In a series of email blasts sent to conservative leaders and collected here, Bishirjian made some stirring assertions. I will go through them in various sections, and offer my own observations.
He begins by showing he understands the nature of Trump's appeal to conservatives:
Trump's election as president in 2016 was evidence that American voters were done with Republican and Neoconservative enthusiasm for wars to impose democracy on countries in which there is no democratic culture. Republican and Neoconservative lust for nation-building created massive war-weariness and a willingness to vote for a Republican candidate for president who promised "no more wars."
So far, so good. What didn’t Trump appreciate? The passionate attachment of the GOP establishment and its supporters who profited from military contracts to this kind of war. Indeed, Trump hired mostly his erstwhile enemies who belonged to the bipartisan "War Party." This ensured that his own appointees and staffers would sabotage him. Why else are our troops still shivering and dodging bullets uselessly in Afghanistan? Bad for our troops and bad for the country. Good for the bullet salesmen, though.

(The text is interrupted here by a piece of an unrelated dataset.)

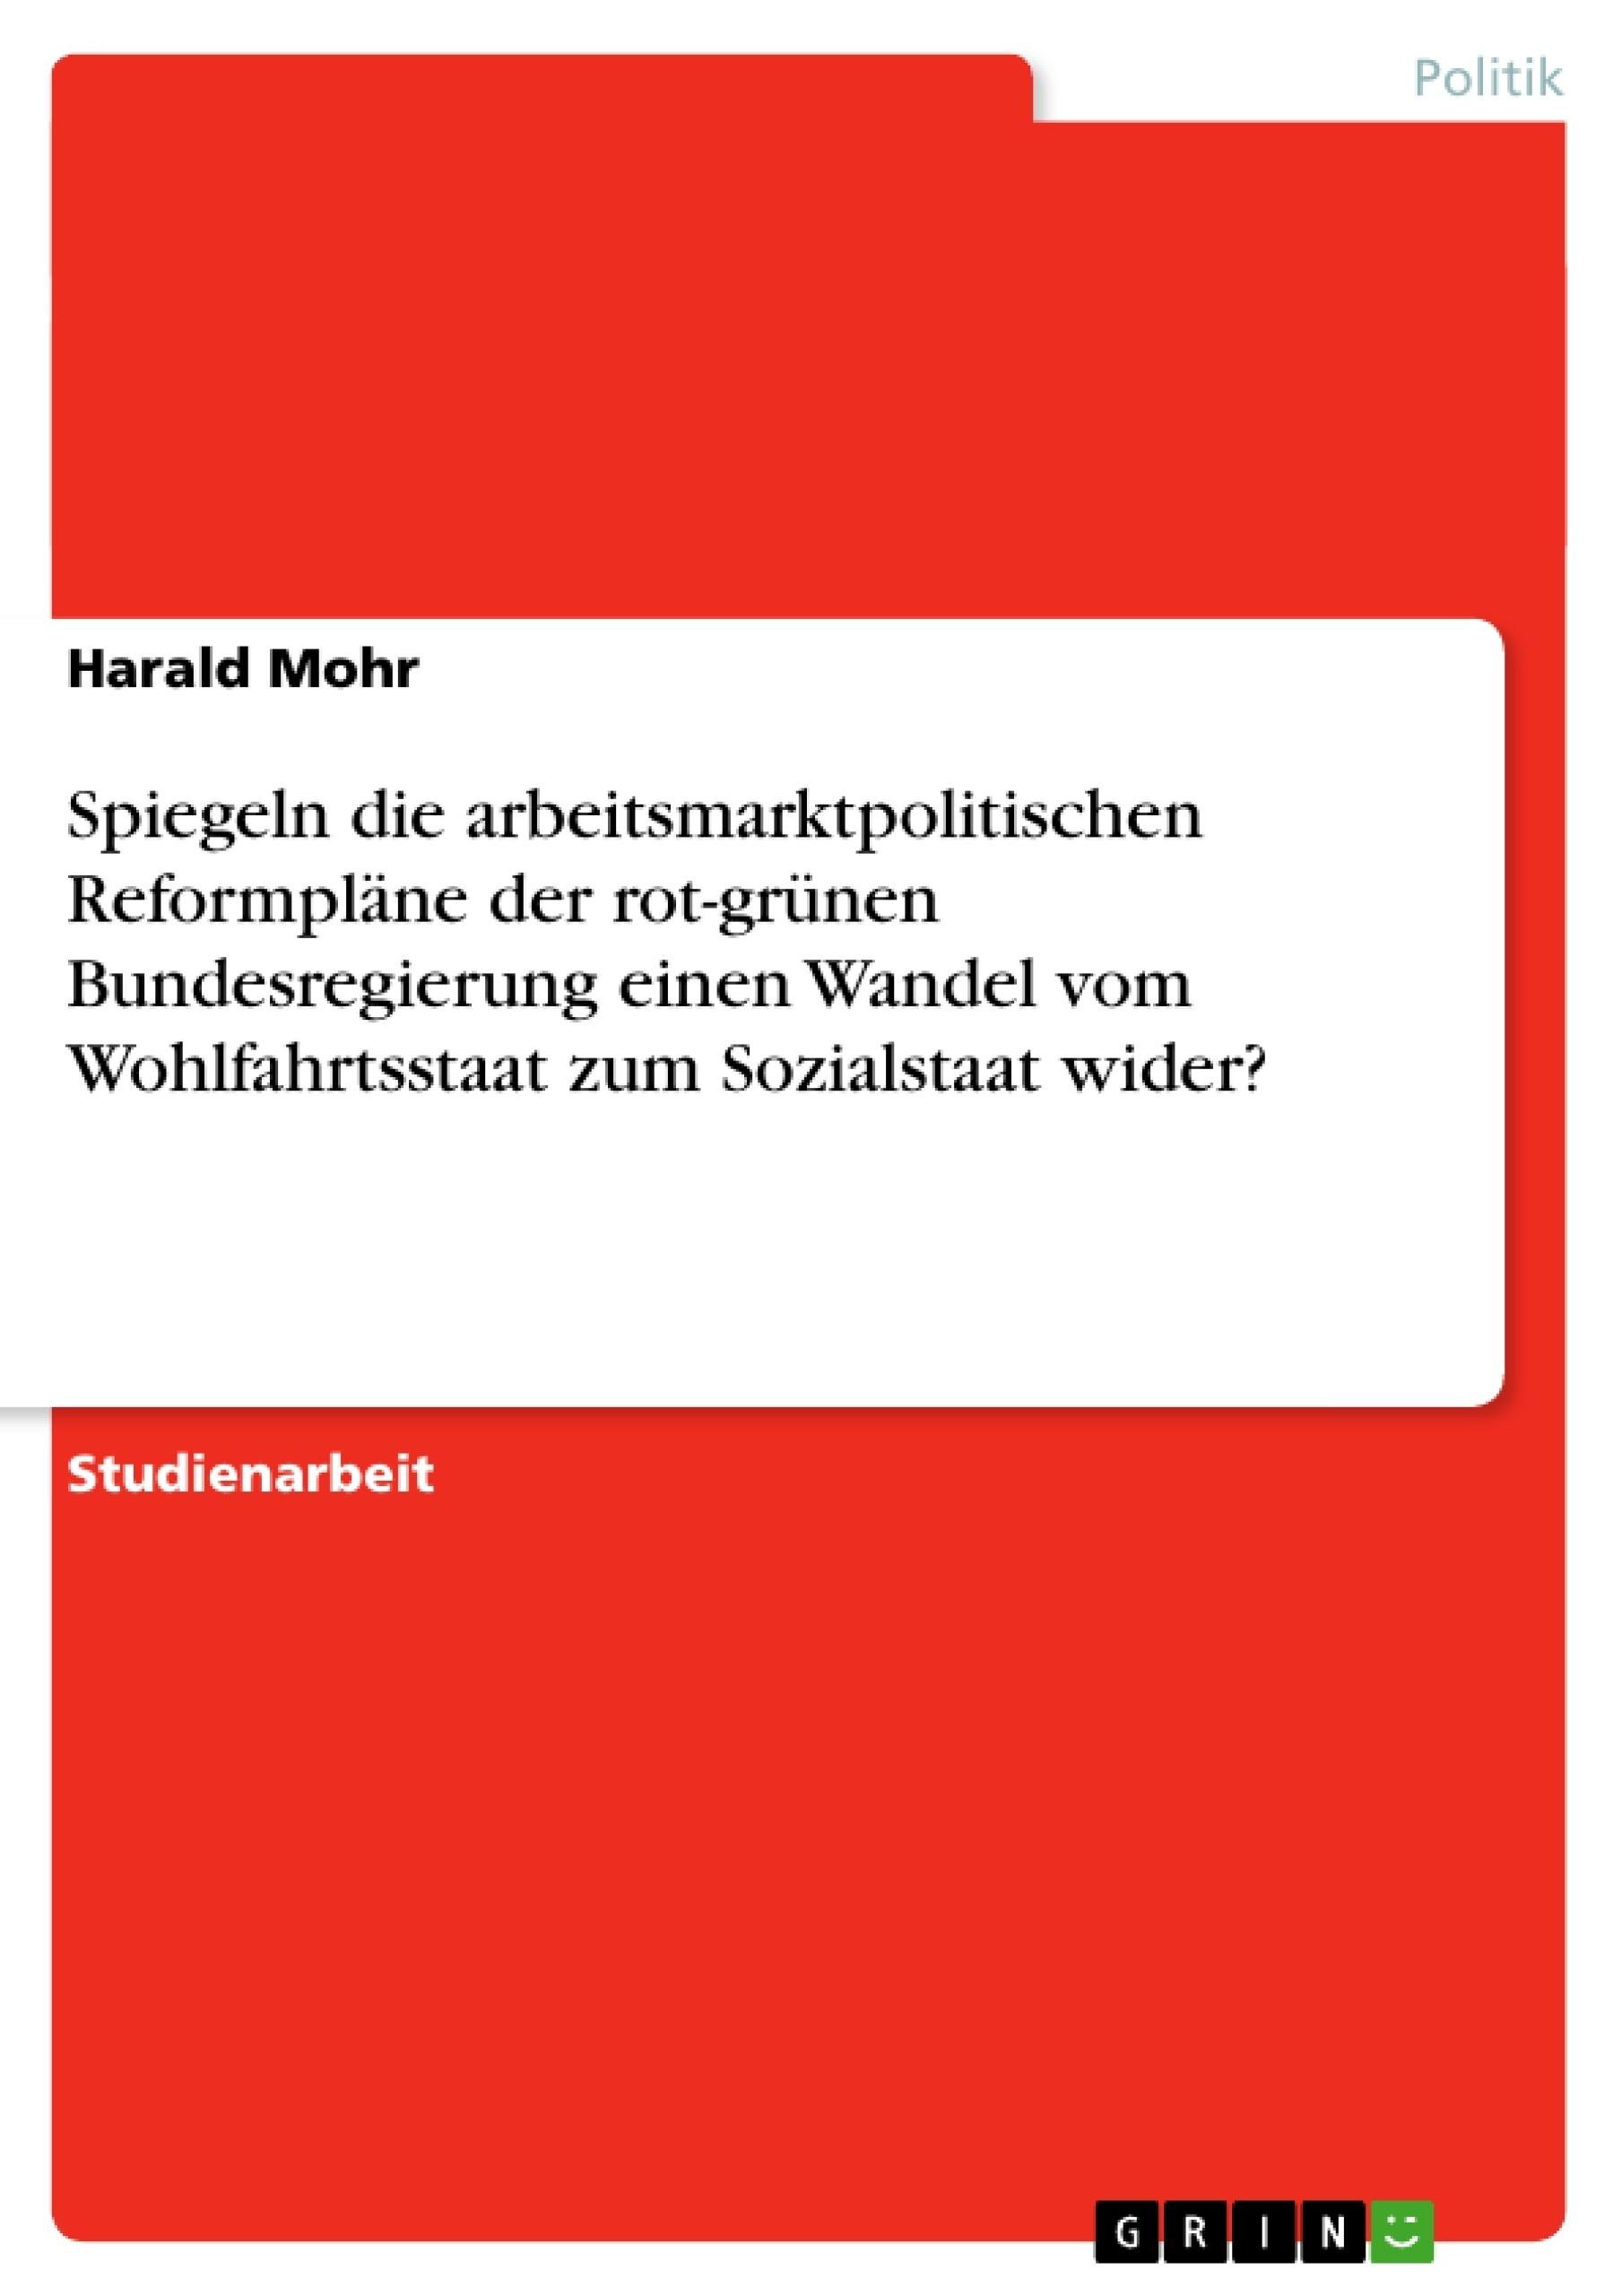 Titel: Spiegeln die arbeitsmarktpolitischen Reformpläne der rot-grünen Bundesregierung einen Wandel vom Wohlfahrtsstaat zum Sozialstaat wider?
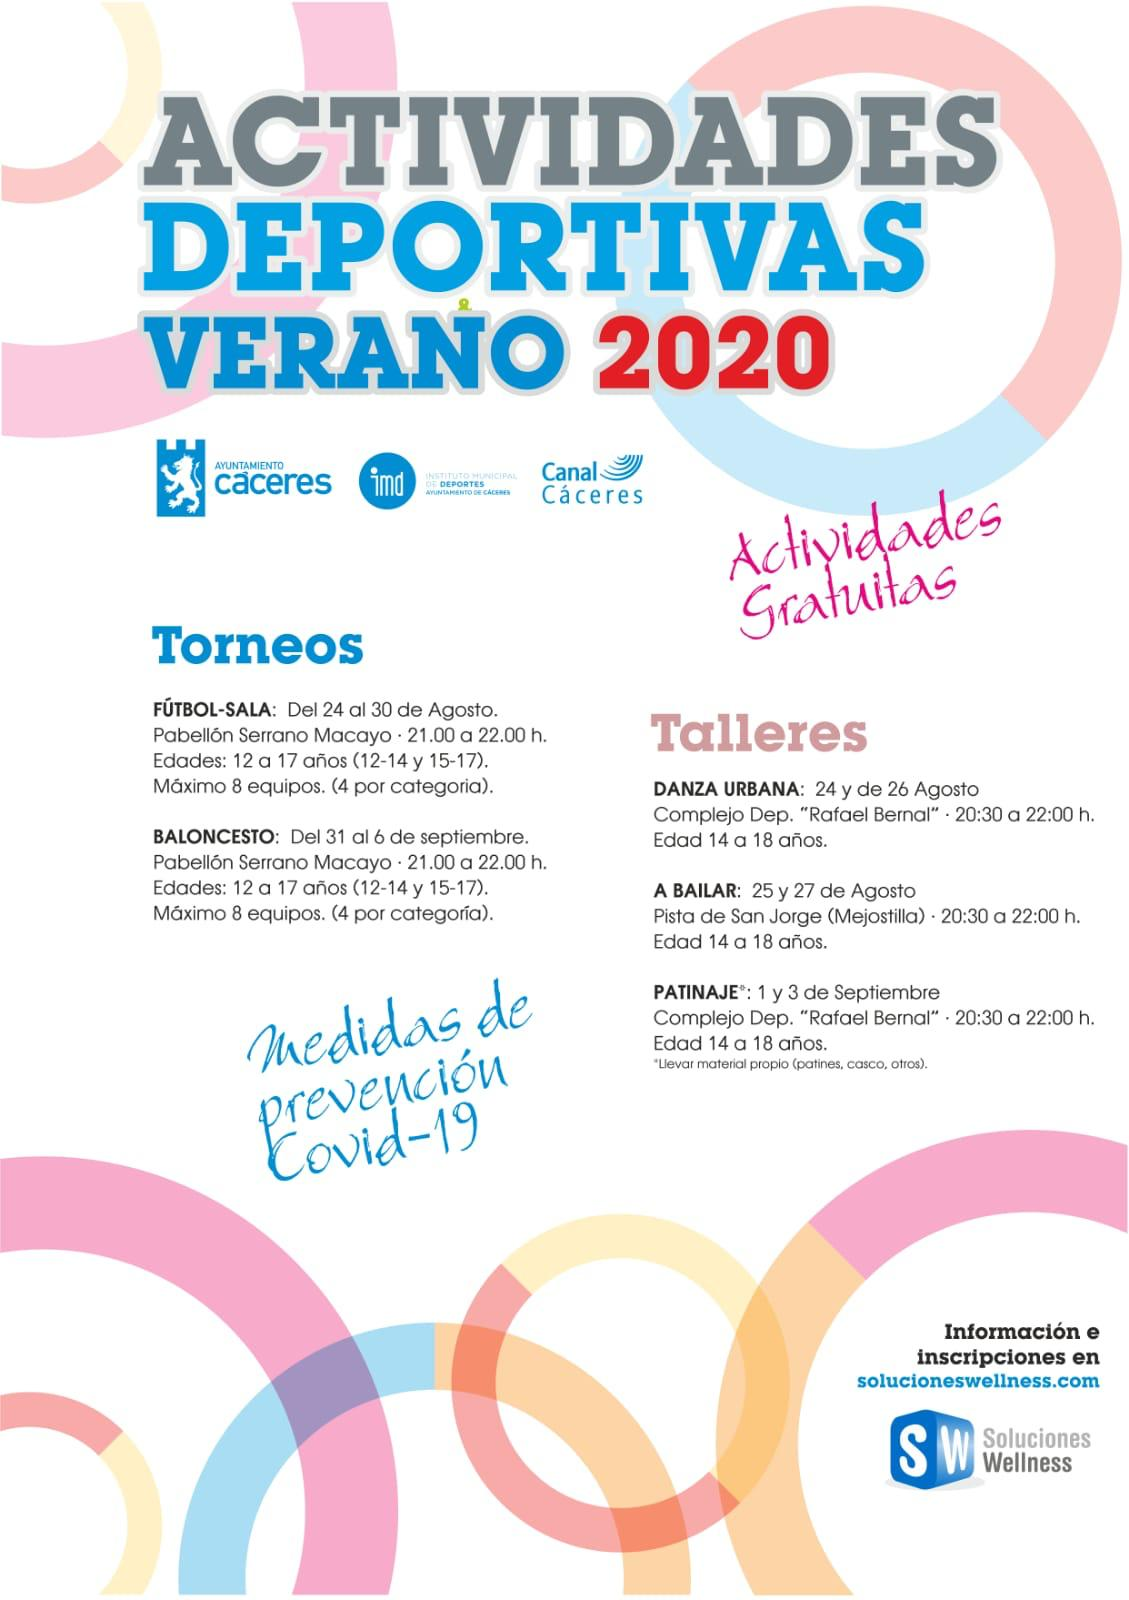 Actividades deportivas Verano 2020

As I'll establish, Trump was not too radical or power-mad. Instead, he was too timid and deferential to an oligarchy determined to destroy him, disenfranchise his voters and suffocate democracy in America.
Bishirjian continues, much more provocatively:
Donald Trump's personal inadequacies … assured he could not comprehend constitutional limits placed on our chief executive. Trump's reading ability is impaired by Dyslexia, and Trump did not understand nor did he ever learn that the president of the United States may not direct his vice president to reverse the tally of votes in the Electoral College.
I don't know whether Trump has dyslexia. I've never seen that reported. I know he didn't go to law school and doesn't always hire the best attorneys. But legal scholars John Yoo and Robert Delahunty made a cogent case that the vice president serves as the last safeguard of electoral integrity.